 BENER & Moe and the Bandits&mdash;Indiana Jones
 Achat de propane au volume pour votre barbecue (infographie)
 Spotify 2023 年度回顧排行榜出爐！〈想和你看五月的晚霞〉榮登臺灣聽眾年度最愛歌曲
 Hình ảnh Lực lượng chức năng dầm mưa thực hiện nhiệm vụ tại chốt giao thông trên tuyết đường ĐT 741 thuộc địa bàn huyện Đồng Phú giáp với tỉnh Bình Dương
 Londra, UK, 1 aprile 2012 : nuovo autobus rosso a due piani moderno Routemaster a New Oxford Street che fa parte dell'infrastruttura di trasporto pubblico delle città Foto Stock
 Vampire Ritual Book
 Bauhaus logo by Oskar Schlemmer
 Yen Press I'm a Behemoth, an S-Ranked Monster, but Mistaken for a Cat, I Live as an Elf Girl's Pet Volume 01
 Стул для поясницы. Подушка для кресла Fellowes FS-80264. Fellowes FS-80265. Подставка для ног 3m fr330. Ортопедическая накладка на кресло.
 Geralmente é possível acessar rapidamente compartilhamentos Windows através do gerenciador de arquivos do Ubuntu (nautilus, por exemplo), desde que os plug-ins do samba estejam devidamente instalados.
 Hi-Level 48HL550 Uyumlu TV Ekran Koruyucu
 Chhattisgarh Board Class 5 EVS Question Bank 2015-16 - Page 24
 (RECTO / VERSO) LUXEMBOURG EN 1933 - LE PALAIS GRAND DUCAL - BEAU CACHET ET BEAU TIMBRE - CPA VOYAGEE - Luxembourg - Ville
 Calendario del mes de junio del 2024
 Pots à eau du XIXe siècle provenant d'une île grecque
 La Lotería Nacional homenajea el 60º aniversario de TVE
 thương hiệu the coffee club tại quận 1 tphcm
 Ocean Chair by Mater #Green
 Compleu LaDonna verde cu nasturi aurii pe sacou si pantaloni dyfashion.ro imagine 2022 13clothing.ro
------
# Task goal
Starting with the first line of the listing above and ending with the line that holds "Geralmente é possível", return those lines exactly as written, both included.

# Task output
 BENER & Moe and the Bandits&mdash;Indiana Jones
 Achat de propane au volume pour votre barbecue (infographie)
 Spotify 2023 年度回顧排行榜出爐！〈想和你看五月的晚霞〉榮登臺灣聽眾年度最愛歌曲
 Hình ảnh Lực lượng chức năng dầm mưa thực hiện nhiệm vụ tại chốt giao thông trên tuyết đường ĐT 741 thuộc địa bàn huyện Đồng Phú giáp với tỉnh Bình Dương
 Londra, UK, 1 aprile 2012 : nuovo autobus rosso a due piani moderno Routemaster a New Oxford Street che fa parte dell'infrastruttura di trasporto pubblico delle città Foto Stock
 Vampire Ritual Book
 Bauhaus logo by Oskar Schlemmer
 Yen Press I'm a Behemoth, an S-Ranked Monster, but Mistaken for a Cat, I Live as an Elf Girl's Pet Volume 01
 Стул для поясницы. Подушка для кресла Fellowes FS-80264. Fellowes FS-80265. Подставка для ног 3m fr330. Ортопедическая накладка на кресло.
 Geralmente é possível acessar rapidamente compartilhamentos Windows através do gerenciador de arquivos do Ubuntu (nautilus, por exemplo), desde que os plug-ins do samba estejam devidamente instalados.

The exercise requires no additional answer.